Import n8n/charm_workflow.json and point Execute Command to:

bash -lc "cd /data/charm-market-intelligence-engine && source .venv/bin/activate && python scripts/pipeline.py"

Adapting to Other Industries

  • Add parsers in scripts/scrape_jobs.py for new job boards.
  • Update skills/skills_taxonomy.csv with additional skills/aliases.
  • Expand rules in scripts/insights.py to map skills → program formats.
  • Customize config/job_patterns.json to tweak job-type/seniority detection; run python scripts/validate_patterns.py (or make validate-patterns) after edits to ensure regexes compile.

Google Sheets Integration (opt-in)

  1. Enable Google Sheets API and Google Drive API in Google Cloud Platform (GCP).
  2. Create a Service Account, download the JSON key to secrets/service_account.json (or your path).
  3. Set GOOGLE_SHEET_ID and GOOGLE_SERVICE_ACCOUNT_FILE in .env (replace the placeholders).
  4. Share the Sheet with the service account email as Editor.
  5. Test:
python scripts/gsheets_test.py

Troubleshooting

Common issues and fixes

Symptom Likely Cause Fix
ModuleNotFoundError: No module named 'spacy' Virtual environment not activated Run source venv/bin/activate (macOS/Linux) or venv\Scripts\activate (Windows)
OSError: [E050] Can't find model 'en_core_web_sm' spaCy language model not downloaded Run python -m spacy download en_core_web_sm
No jobs scraped (empty CSV) CSS selectors out of date OR site blocking requests Check scripts/scrape_jobs.py selectors; add delays between requests
FileNotFoundError: config/.env Environment file missing Copy .env.example to config/.env and fill in values
Geocoding extremely slow Nominatim rate limiting Normal behavior; geocache (data/geocache.db) speeds up repeat runs
google.auth.exceptions.DefaultCredentialsError Service account JSON missing or path wrong Verify GOOGLE_SERVICE_ACCOUNT_FILE path in .env
Sheets append fails silently Sheet ID incorrect or missing permissions Double-check GOOGLE_SHEET_ID; share sheet with service account email
Dashboard won't start Port 8501 already in use Kill other Streamlit processes or use streamlit run dashboard/app.py --server.port 8502
OPENAI_API_KEY error when USE_LLM=true Key not set or invalid Add valid key to .env or set USE_LLM=false

Permission issues (NAS / network drives)

If you're running on a NAS or shared drive:

  • Ensure write access to data/ directory
  • SQLite may perform poorly over network mounts; consider running locally

Checking logs

Most scripts print progress to stdout. For more detail:

python scripts/pipeline.py 2>&1 | tee pipeline.log

Insight prompt (external & editable)

The LLM question set lives in config/insight_prompt.md.
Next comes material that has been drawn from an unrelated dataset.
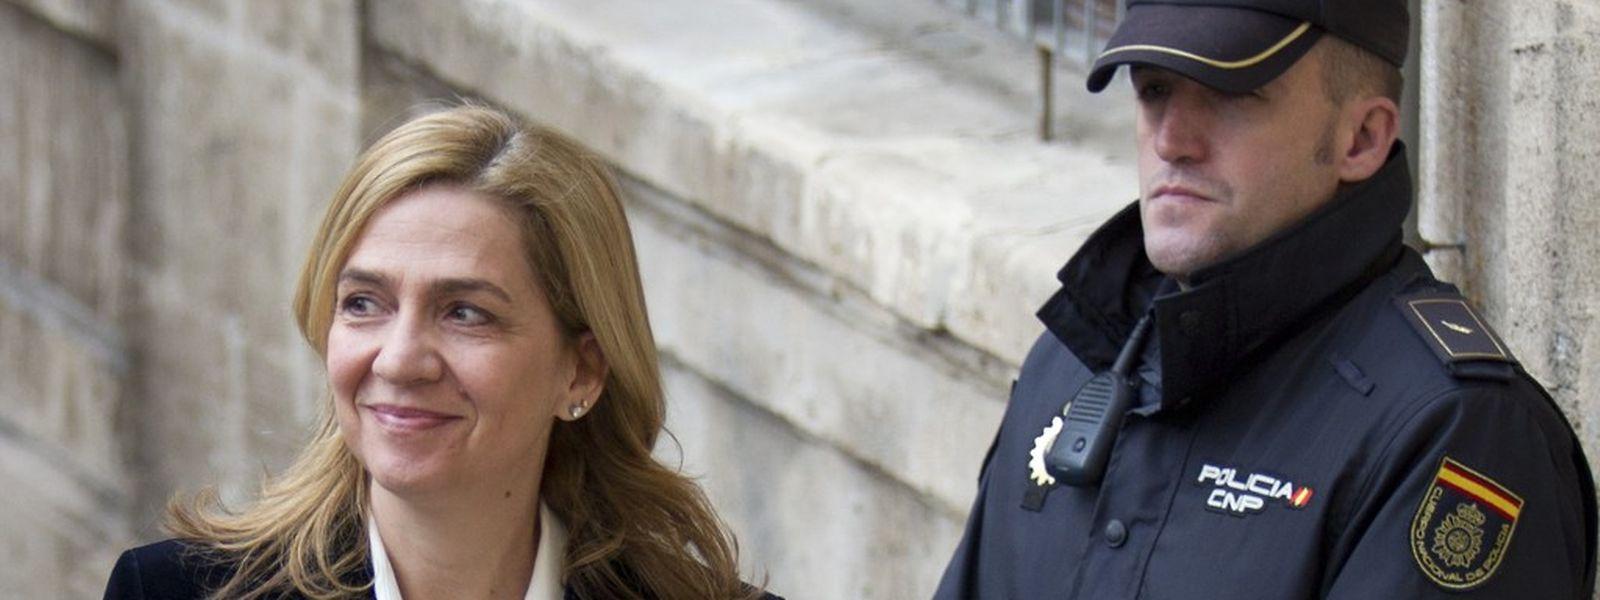 Infantin Cristina ist das erste Mitglied der spanischen Königsfamilie, das sich vor Gericht verantworten muss.
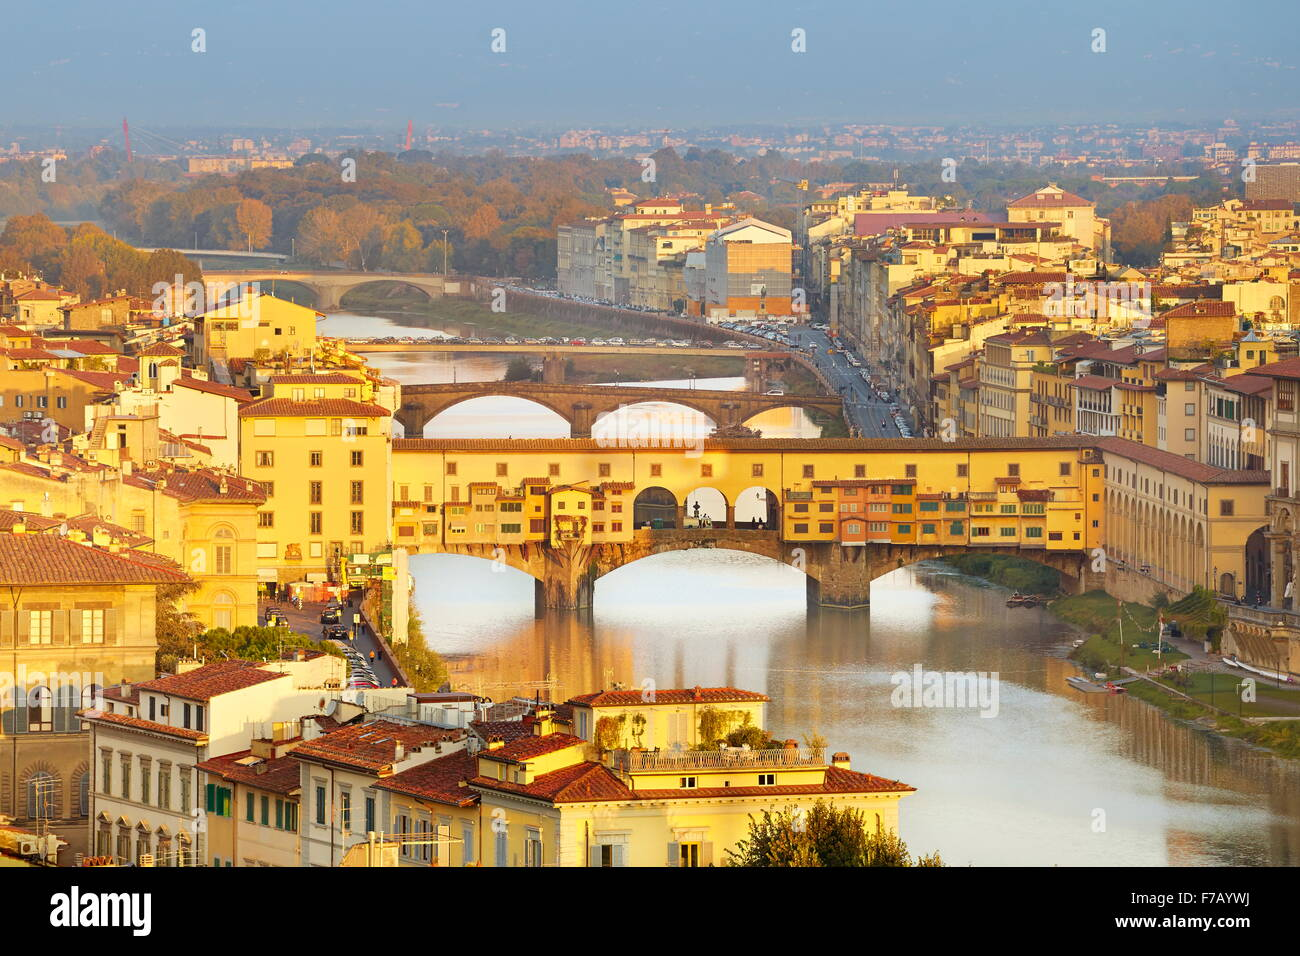 Ponte Vecchio Brücke, Stadtbild von Florenz, Italien Stockbild

It’s plain text with {{variables}} you can edit:

  • {{INDUSTRY}}, {{DATE_TODAY}}, {{NUM_JOBS}}, {{UNIQUE_EMPLOYERS}}, {{GEOCODED}}
  • {{TOP_SKILLS_BULLETS}} → a bullet list of top skills and counts

To see the fully rendered prompt (before sending to an LLM):

python scripts/preview_prompt.py

If the file is missing, the workflow falls back to a concise built-in prompt.

Dashboard design choices

Dashboard design notes:

  • Single column rhythm with clear section spacing; primary actions (filters, downloads) are easy to find.
  • Subtle cards for key findings; no heavy boxes or loud colors.
  • Plotly (plotly_white) with reduced chart chrome; labels kept concise.
  • Folium map with heatmap + clustered markers for fast spatial scanning.
  • Hidden default Streamlit menu/footer to keep focus on data.
  • Sidebar filters drive all sections, so the page stays uncluttered.
  • PDF export via a header download button; the report is generated with ReportLab and cached by a content fingerprint so repeated clicks are instant.

PDF report export

The dashboard includes a "Download report" button that generates a multi-section PDF from the latest pipeline run. The report is built with ReportLab and uses the Inter font family (falls back to Helvetica if the TTFs are missing).

Sections included:

  1. Cover page (title, date range, fingerprint)
  2. Executive Summary (5 data-driven bullets)
  3. Key Findings (up to 9 metrics in a 3-column grid)
  4. Trends & Signals (top 12 skills + emerging skills tables)
  5. Implications & Opportunities (actionable cards with "Why it matters")
  6. Methods & Governance (data sources, approach, limitations)
  7. Appendix (definitions and employer sources)

How it works:

  • reports/context.py reads jobs.csv, analysis.json, and insights.md from the processed directory and builds a normalized context dict.
  • reports/pdf_report.py turns that context into ReportLab flowables and assembles the PDF.
  • reports/styles.py defines the page layout, paragraph styles, and table styles.
  • dashboard/header.py wires the download button into the Streamlit header; the PDF bytes are cached by a SHA-256 fingerprint of the source files, so the report is only regenerated when data changes.

Generating a report from the command line:

python scripts/generate_report.py --proc-dir data/processed --out-dir data/reports

This writes a CHARM_Report_<fingerprint>.pdf to the output directory and runs basic validity checks (PDF header present, file size > 10 KB).

LLM options (opt-in)

By default USE_LLM=false in config/.env.example, so the rules-based brief runs without triggering model calls. Flip it to true only when you are ready to authenticate a provider. When enabled, the pipeline renders the external prompt (config/insight_prompt.md) with your current data.

Choose a provider in .env:

  • LLM_PROVIDER=openai → set OPENAI_API_KEY=ENTER_OPENAI_API_KEY_HERE
  • LLM_PROVIDER=ollama → set OLLAMA_BASE_URL (default http://localhost:11434) and LLM_MODEL (e.g., llama3:instruct)

If no key is present or the call fails, the pipeline still produces rules-based insights.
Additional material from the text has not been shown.